The lines needed run from the one that contains "Special Promotion Button." through the end of the material below, both included; write them out exactly, with no pictures.

# [Input data]
-- Opening Marker --

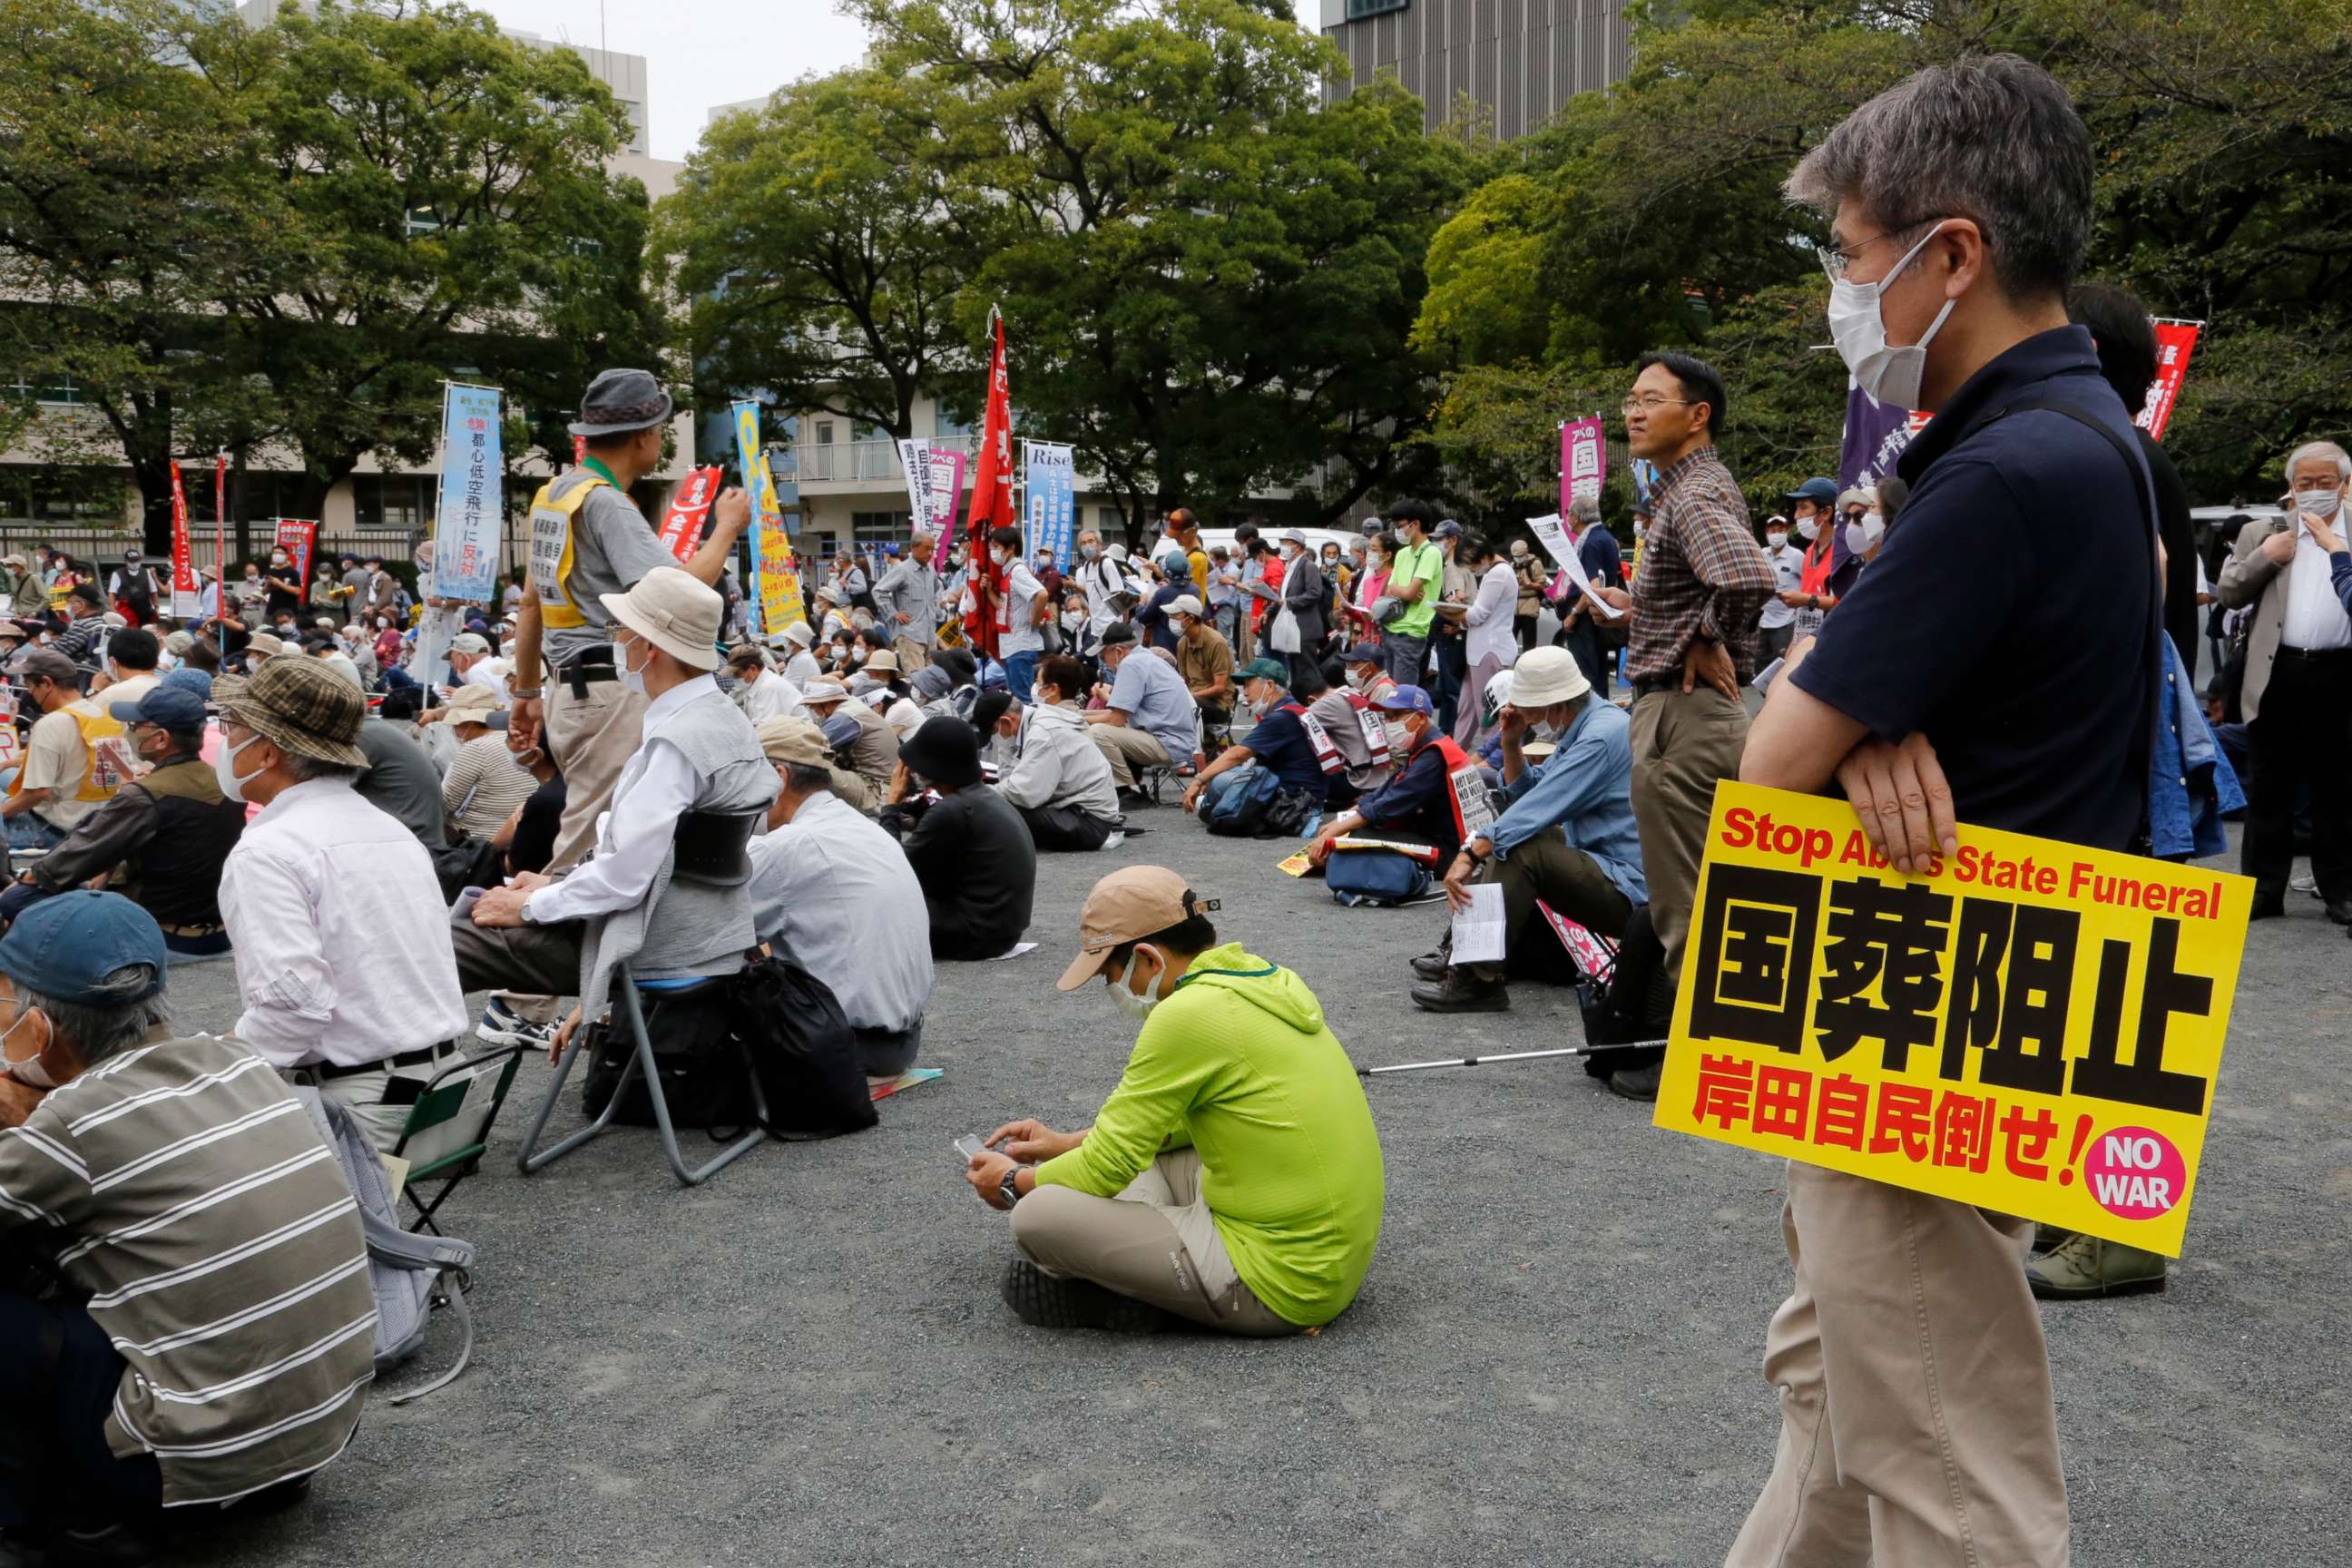 PHOTO: Protesters gather a park in Tokyo on Sept. 23, 2022, to demand the cancellation of former Japanese Prime Minister Shinzo Abe's state funeral.
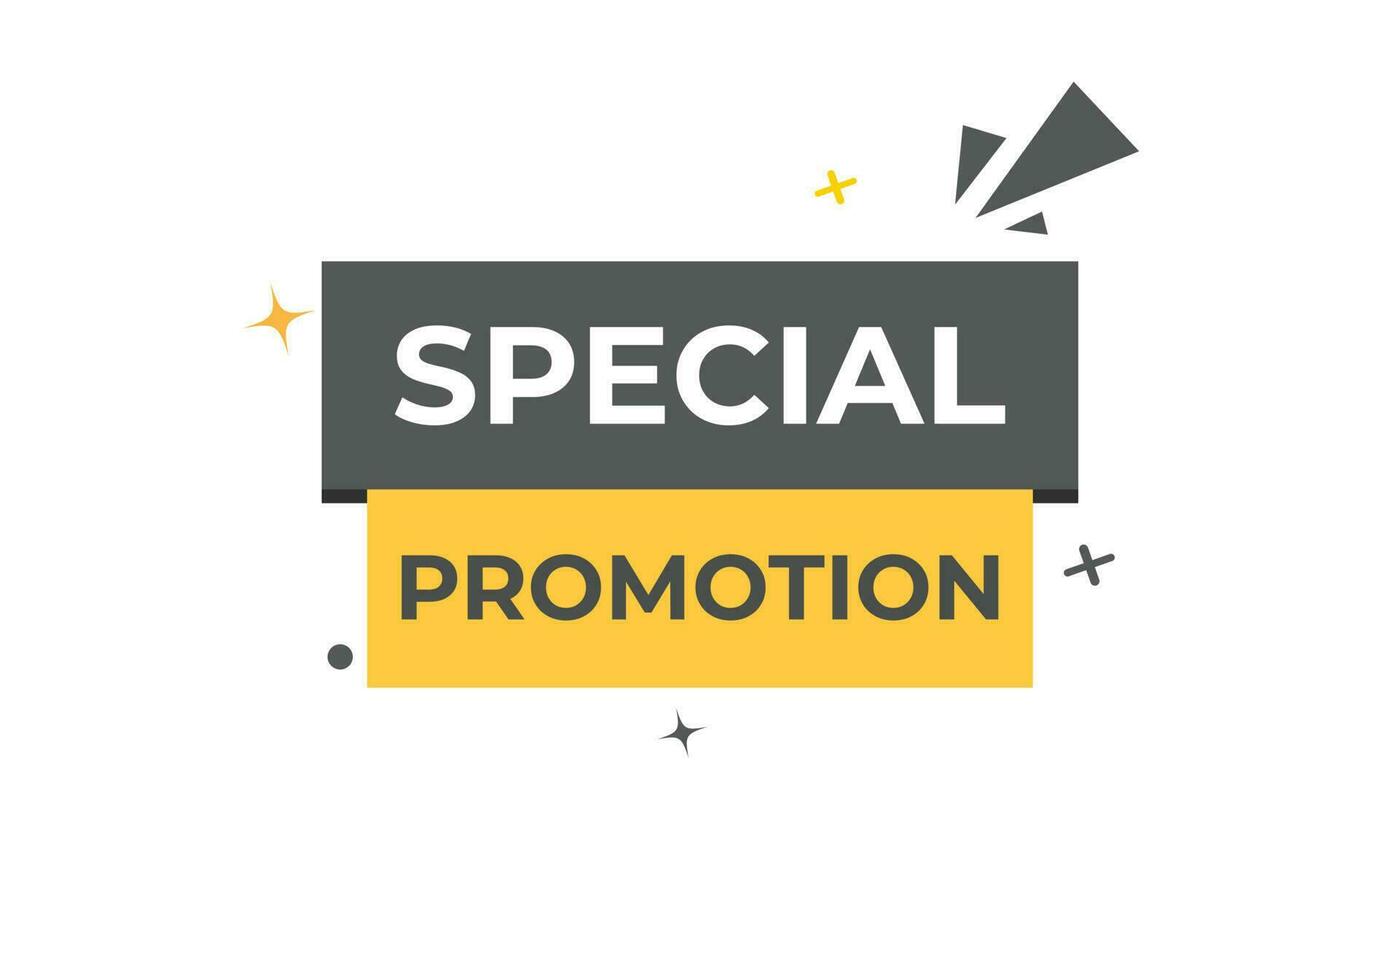 Special Promotion Button. Speech Bubble, Banner Label Special Promotion vector
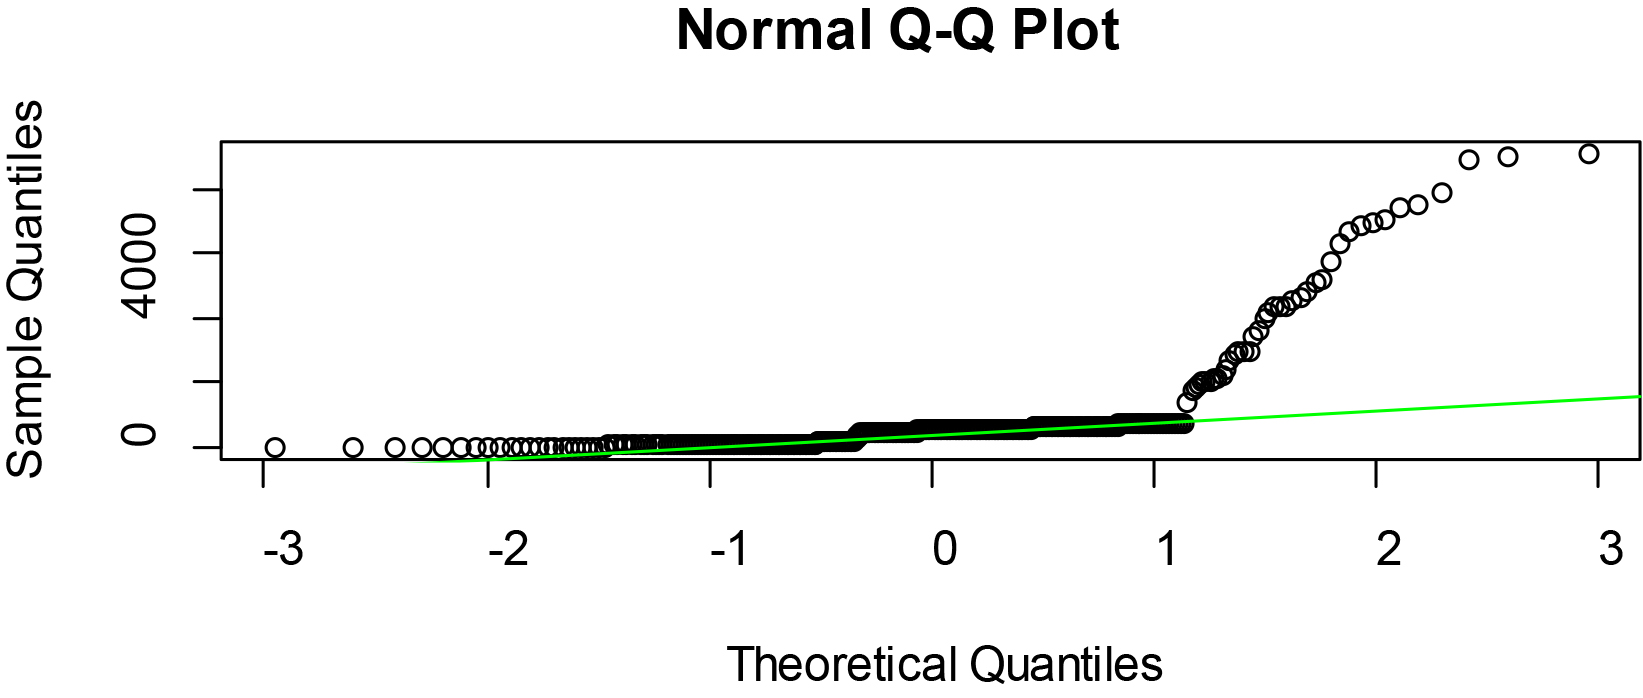 Normal Q-Q plots of ER of some selected West African countries.

-- Closing Marker --

# [Output for this task]
 Special Promotion Button. Speech Bubble, Banner Label Special Promotion vector
 Normal Q-Q plots of ER of some selected West African countries.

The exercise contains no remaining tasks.